§ WHAT YOU NEED TO DO
The reply should contain the full listing exactly as written and no pictures at all.

§ PROVIDED DATA
++++++++++
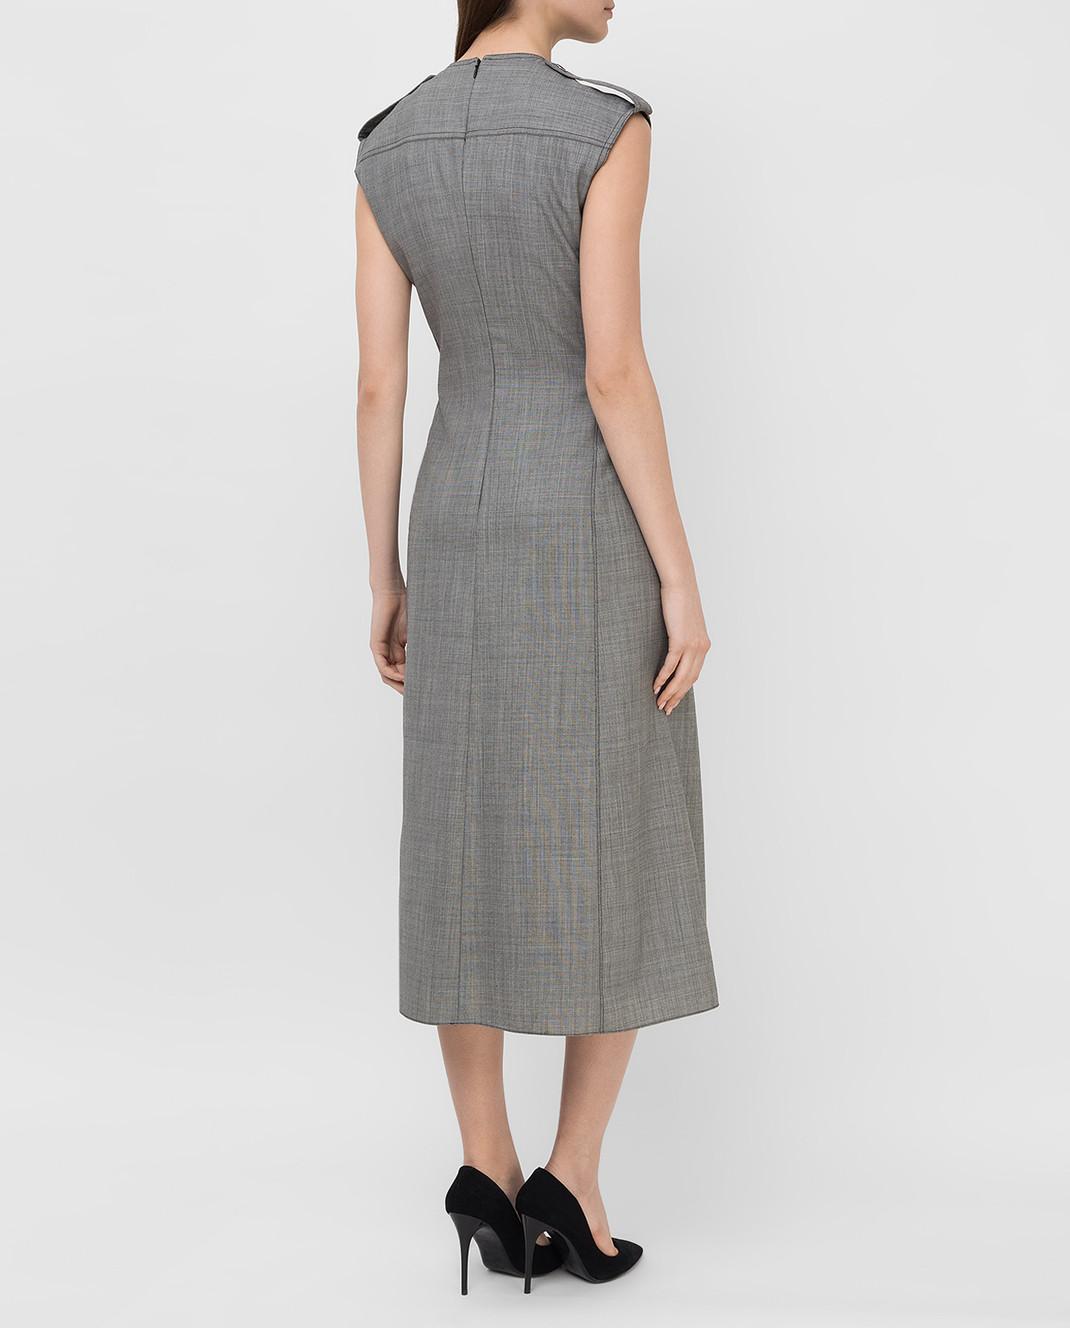 Victoria Beckham Серое платье из шерсти DRMID6602 изображение 4
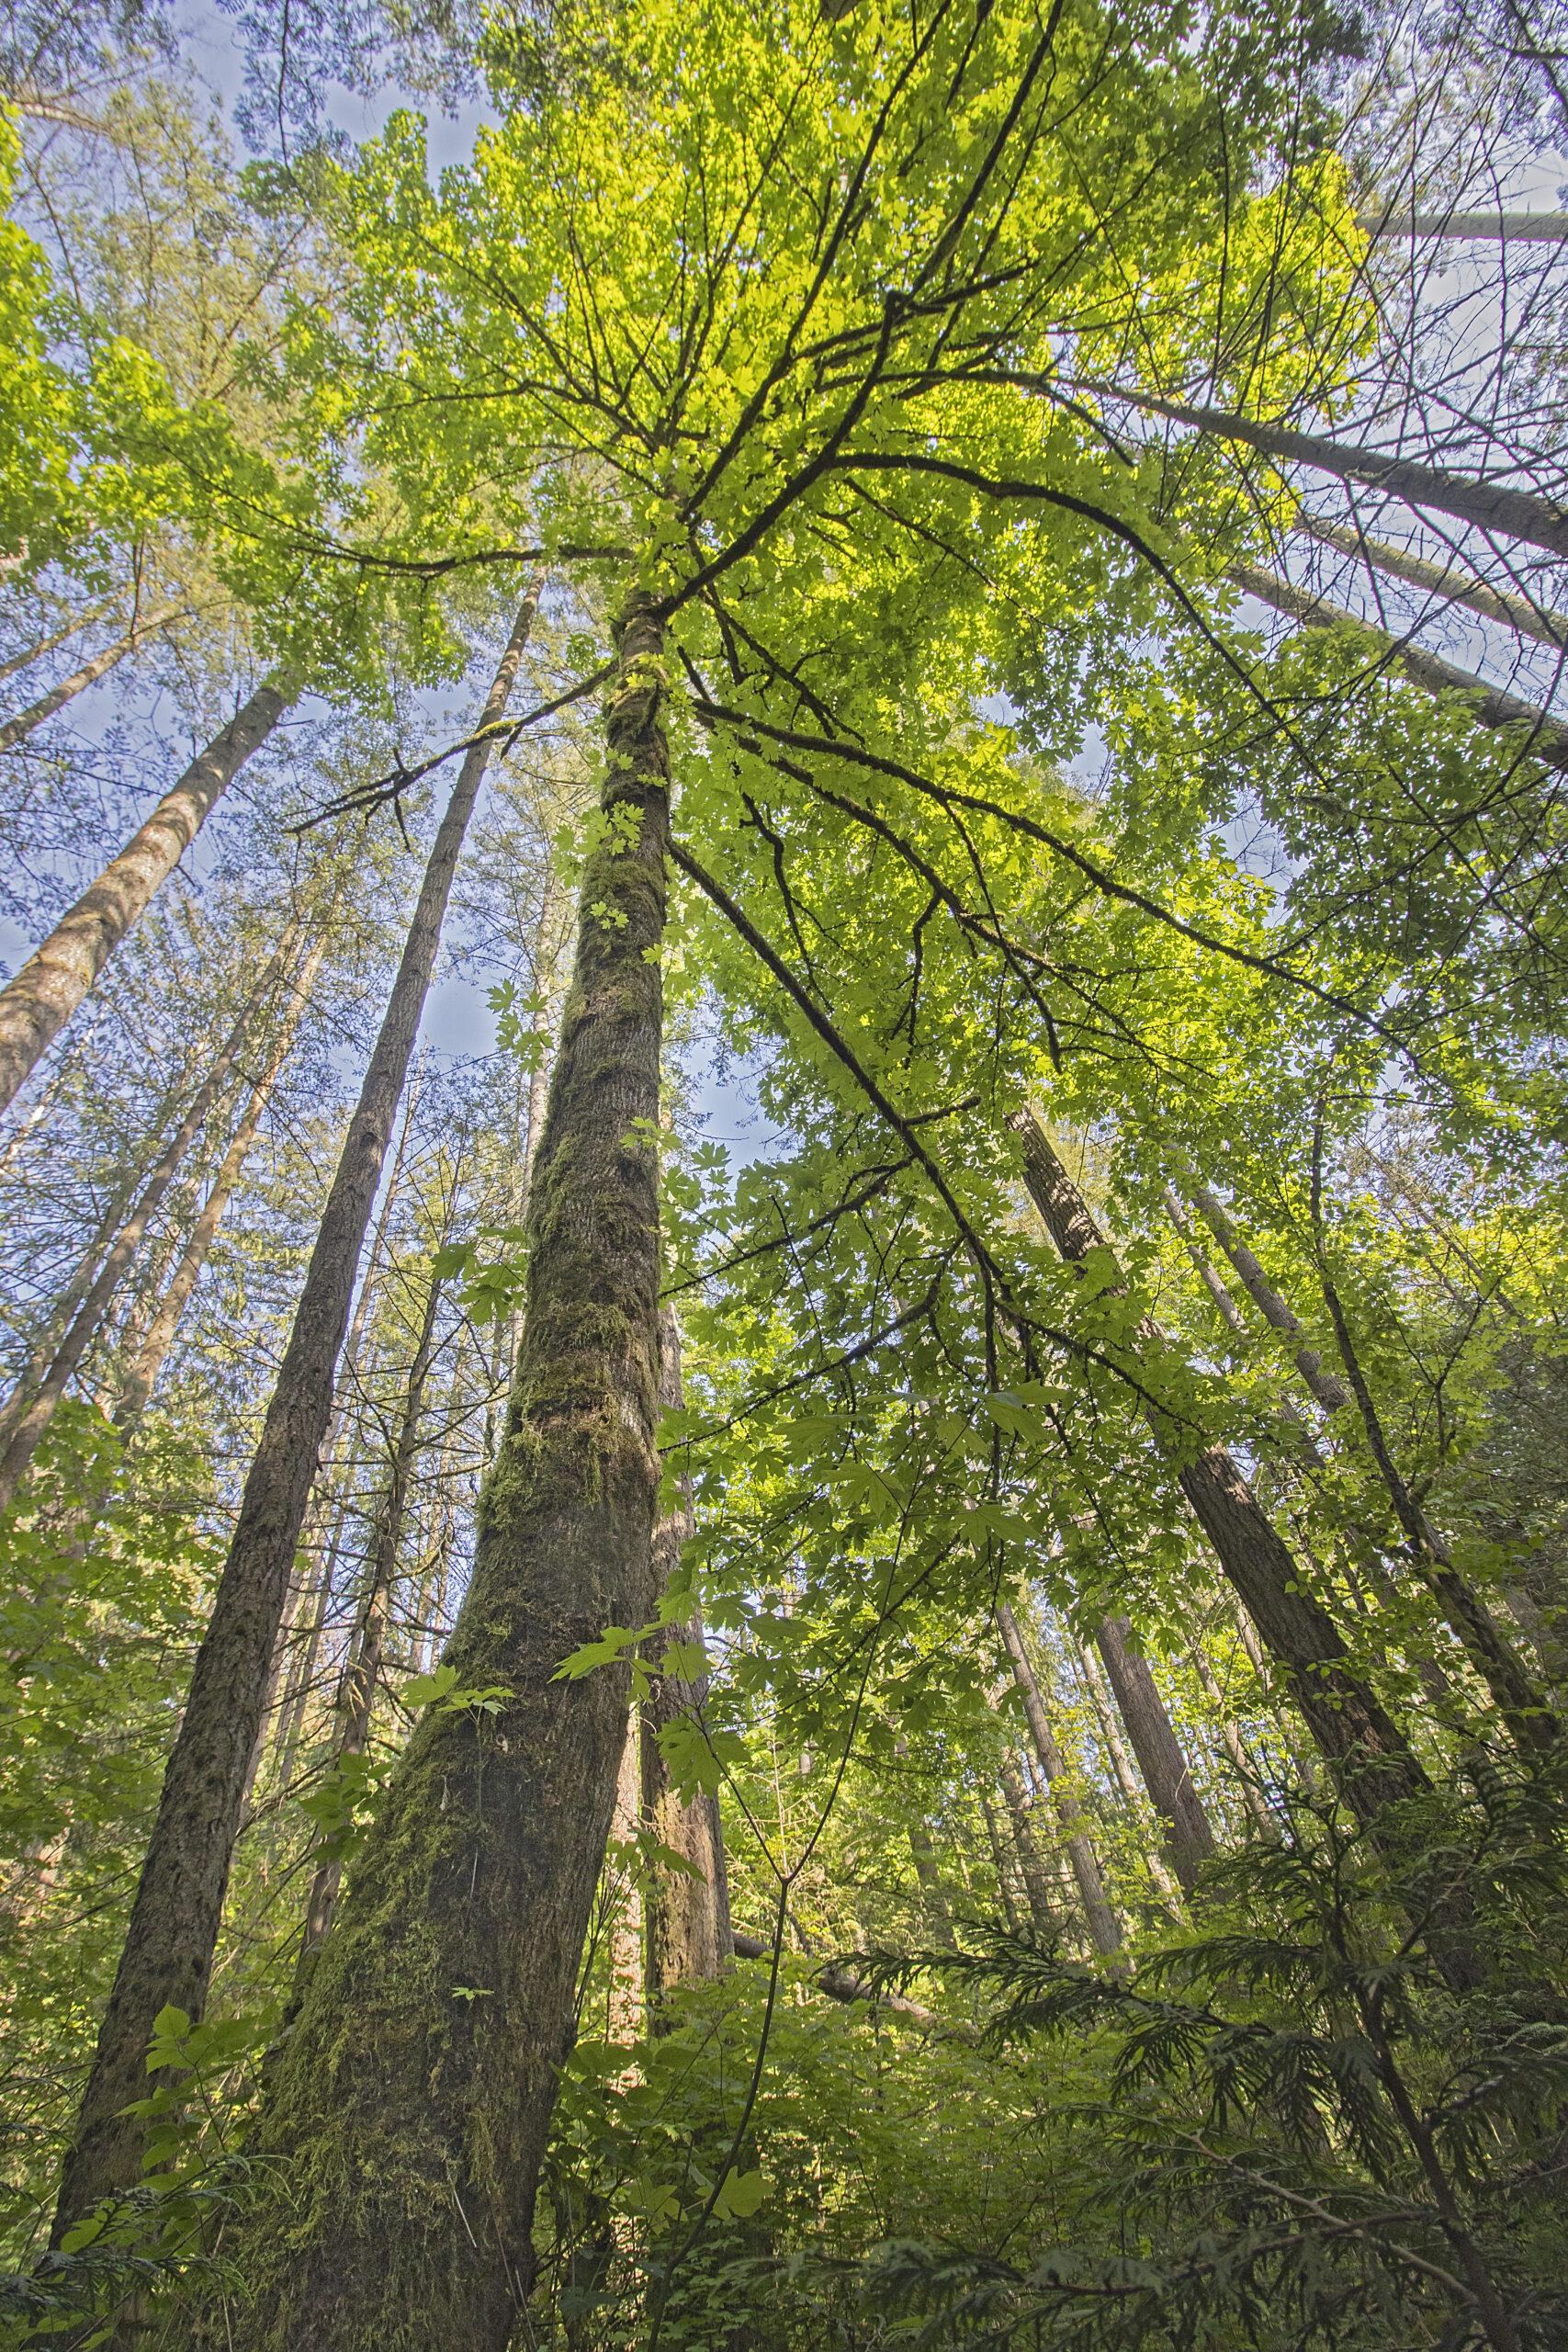 Maple Tree, May 11, 2021
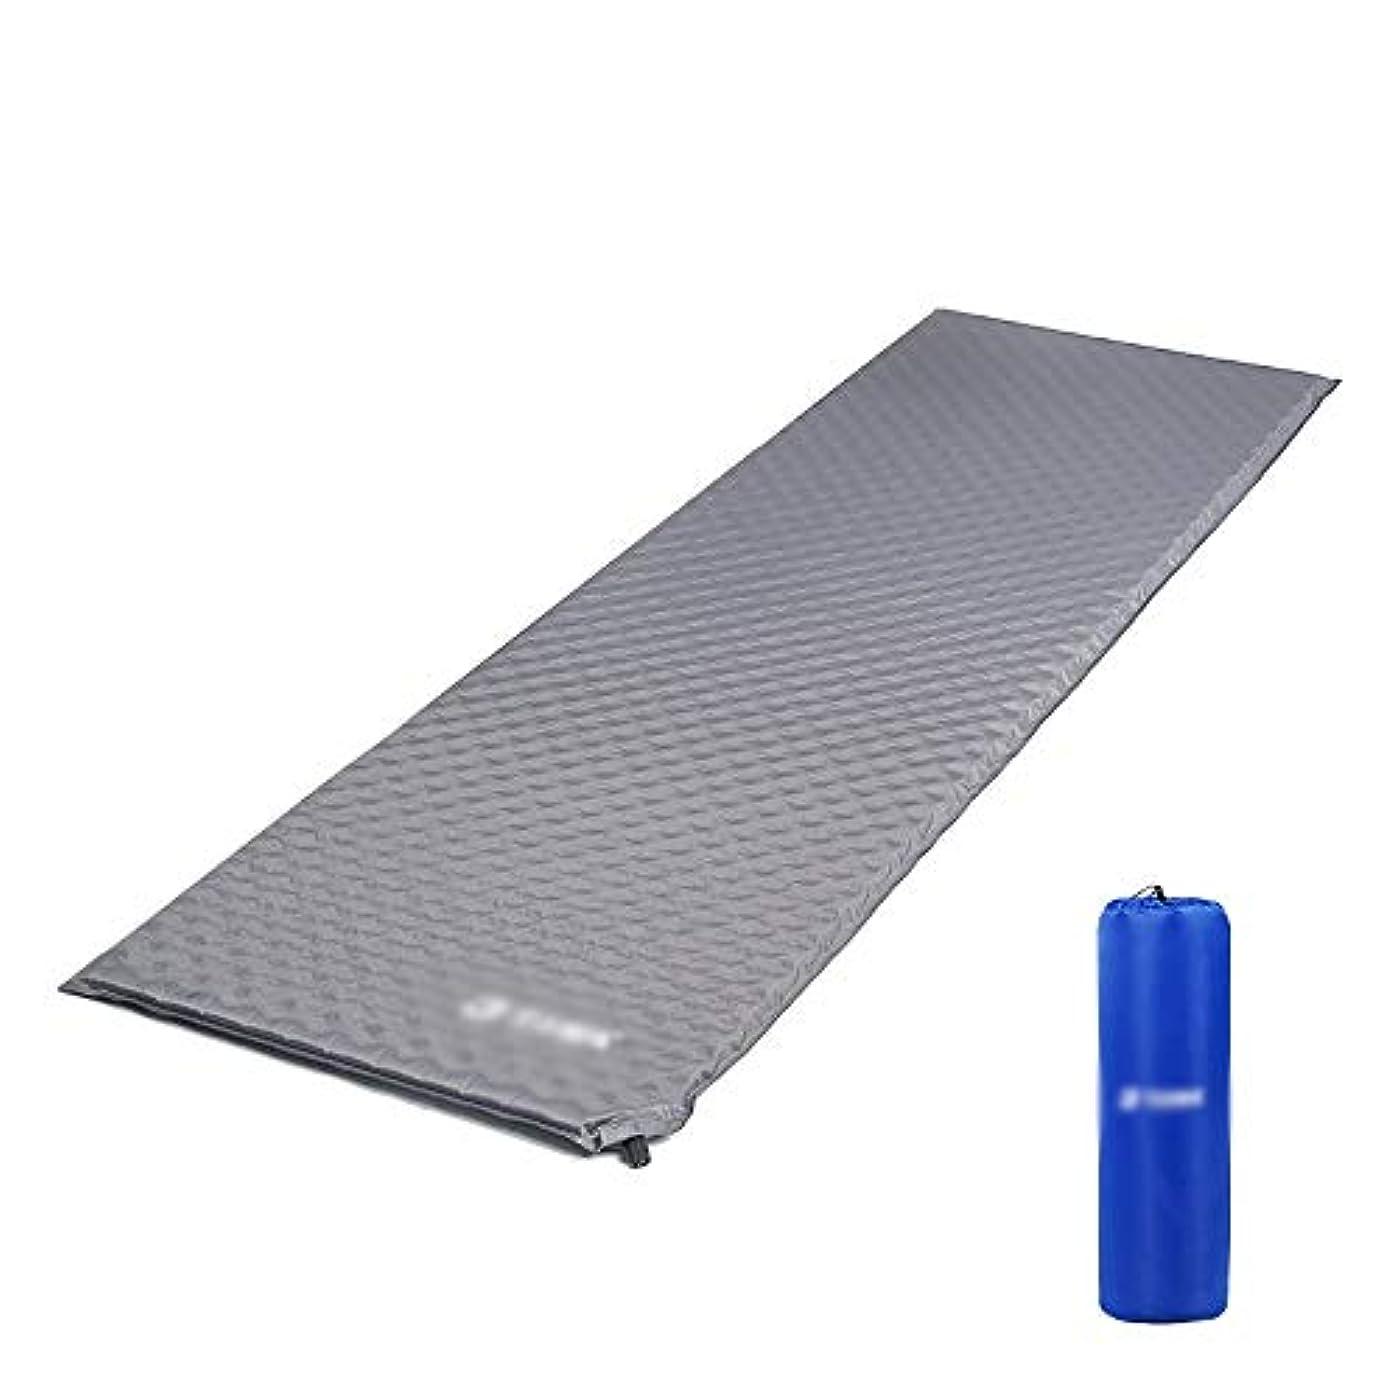 悔い改め拍手文化屋外キャンプ自動インフレータブルクッション快適な光インフレータブルテントパッドシングル折りたたみ防水スリーピングフォームマット190×60×2.7センチ (Color : Gray)
++++++++++
§ RESULT FOR THIS EXERCISE
 Victoria Beckham Серое платье из шерсти DRMID6602 изображение 4
 Maple Tree, May 11, 2021
 悔い改め拍手文化屋外キャンプ自動インフレータブルクッション快適な光インフレータブルテントパッドシングル折りたたみ防水スリーピングフォームマット190×60×2.7センチ (Color : Gray)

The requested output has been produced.